Het noorden van het Dommeldal karakteriseert zich door riviertjes in het laaggelegen dalgebied. Deze riviertjes hebben geen natuurlijke loop, maar zijn het resultaat van kanalisering en normalisering (rechttrekken van rivieren) door de mens. Het dal bevat veel hoge dakzangruggen eveneens ontstaan door de invloeden van de mens. Het waterschap De Dommel draait het proces van normalisatie de laatste jaren bewust terug waardoor oude landschappelijke waarden terugkeren.
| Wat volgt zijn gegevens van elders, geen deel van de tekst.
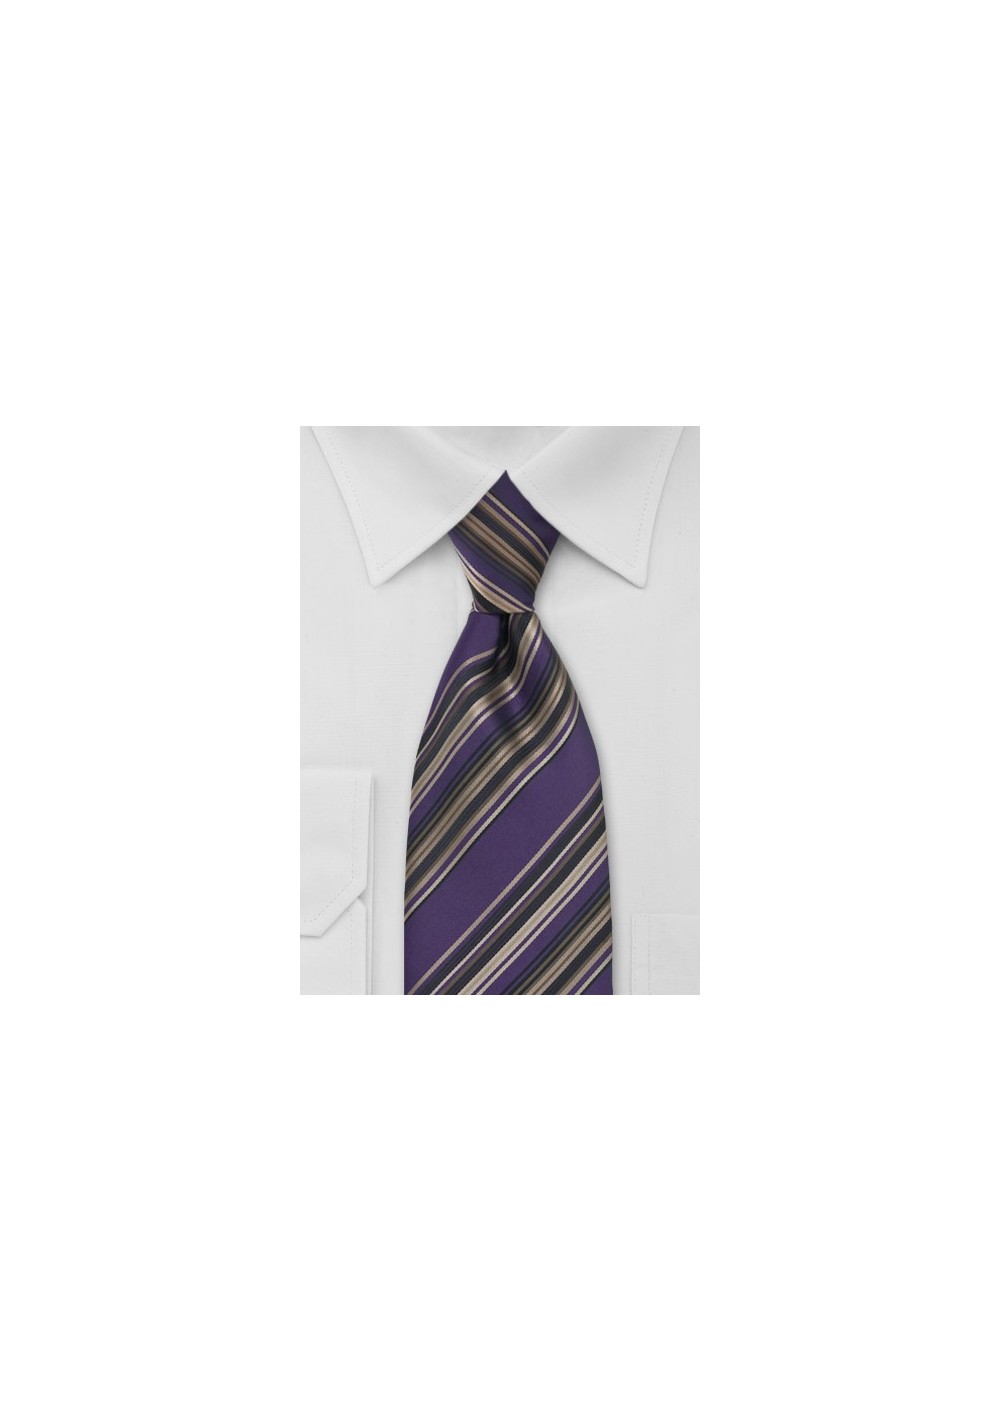 Purple and Brown Striped Tie

In het oosten van het gebied zijn vooral beemden en moerkuilen de blikvangers. De beemden zijn opgedeeld in lappen grond die dienen als hooi- en weilanden. Tussen deze stukken grond staan vaak een aantal loofbomen. De Moerkuilen zijn laaggelegen gebieden met vochtige bodems. In deze gebieden is door de jaren heen veen ontstaan, wat door de mens is verwijderd.
Geschiedenis
In de Romeinse tijd was de Dommel een belangrijke waterweg. Door menselijk toedoen werd de bebossing aan de oevers en dus het gebied van het Dommeldal gekapt waardoor zand de rivier ondieper maakte en bijdroeg aan het proces van meandervorming. Na de middeleeuwen leidde de bouw van watermolens tot het kunstmatig opstuwen van het water wat hier en daar tot overlast kon leiden. In de twintigste eeuw werd de Dommel berucht door de vervuiling door industrie en intensieve veehouderij, daar ondervindt het terrein momenteel de gevolgen van.